Doch wie können wir uns dagegen wehren? Und wie schaffen wir es dort wieder rauszukommen? Ich bin davon überzeugt, dass der beste Weg darin besteht, über sein eigenes Leben stärker nachzudenken, mit anderen darüber zu sprechen und dann sein Leben anzupassen. Das bedeutet nicht, dass wir uns immer in unserer Jugendphase aufhalten sollten, in der wir immer wieder neue Dinge ausprobieren. Mir geht es darum, dass wir uns alle Phasen bewahren – unsere kindliche Naivität, unsere jugendliche Experimentierfreudigkeit, unsere erwachsene Sicherheit – und sie in den richtigen Momenten einsetzen. Wir müssen auch Fehler als Gelegenheiten erkennen, um besser leben zu können.

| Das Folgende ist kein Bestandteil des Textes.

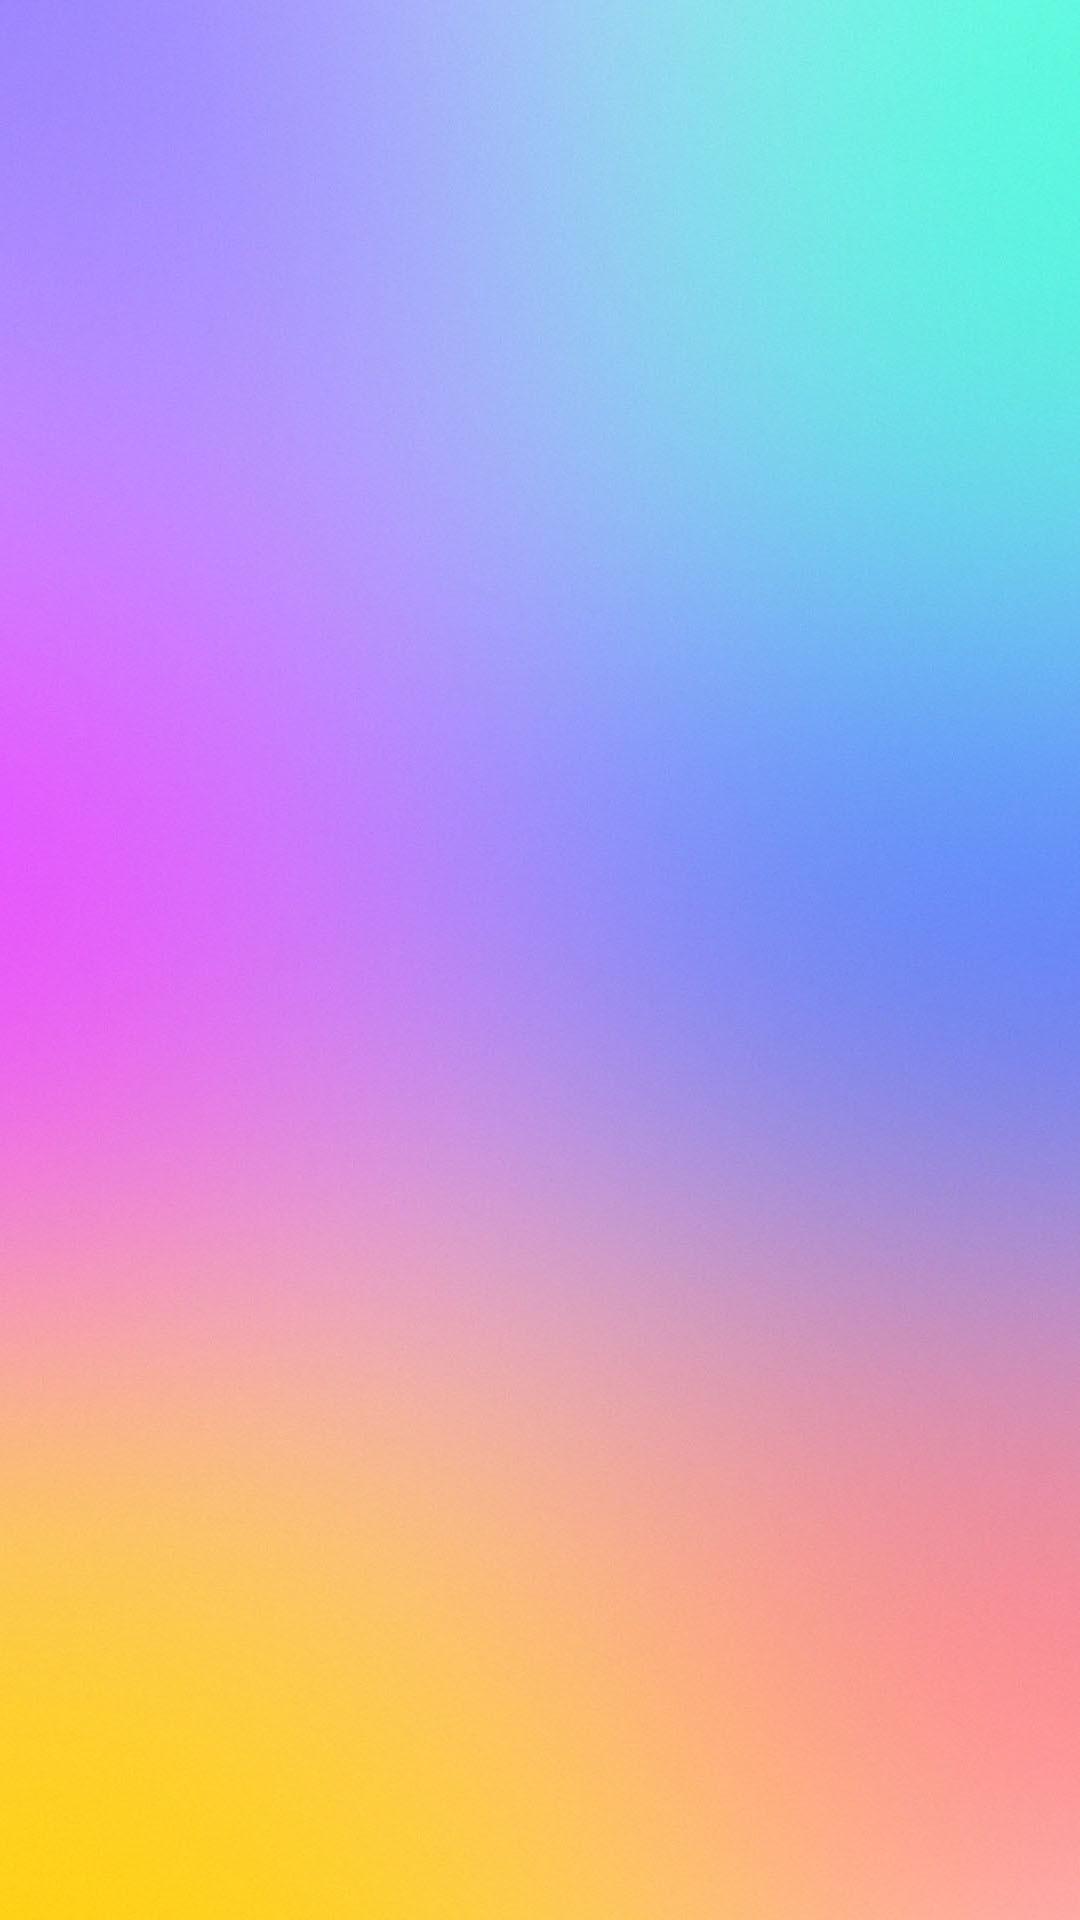 Rainbow Heart Wallpaper – iPhone

Und wir dürfen niemals aufhören, danach zu streben, mehr über die Welt zu erfahren, denn es gibt so viele Sachen, die interessant sind, die uns mit anderen verbinden können und die uns selbst zu aktiven Gestaltern der Welt werden lassen.

Doch warum sollten wir überhaupt mit anderen darüber sprechen? Nun, wir leben in einer Gesellschaft mit Anderen, und nur wenn wir uns mit diesen Menschen austauschen, können wir nachvollziehen, ob unsere Vorstellungen überhaupt angebracht sind. Wir können natürlich auch versuchen, selbstständig zu Ergebnissen zu gelangen. Aber es ist wesentlich erfolgsversprechender, darüber zu diskutieren, da neue Sichtweisen und Wissen eingebracht werden können. Ich denke, dass es dabei helfen kann, die eigene Anpassungsfähigkeit zu bewahren und sich nicht von seinen veralteten Vorstellungen zurückhalten zu lassen.

Denkt über das nach, was euch beschäftigt! Und tauscht euch mit anderen darüber aus! Dreht einen Film! Schreibt einen Text! Entwickelt ein Computerspiel! Komponiert ein Album! Schreibt auf, was ihr denkt, und besprecht es mit den Menschen, die euch wichtig sind!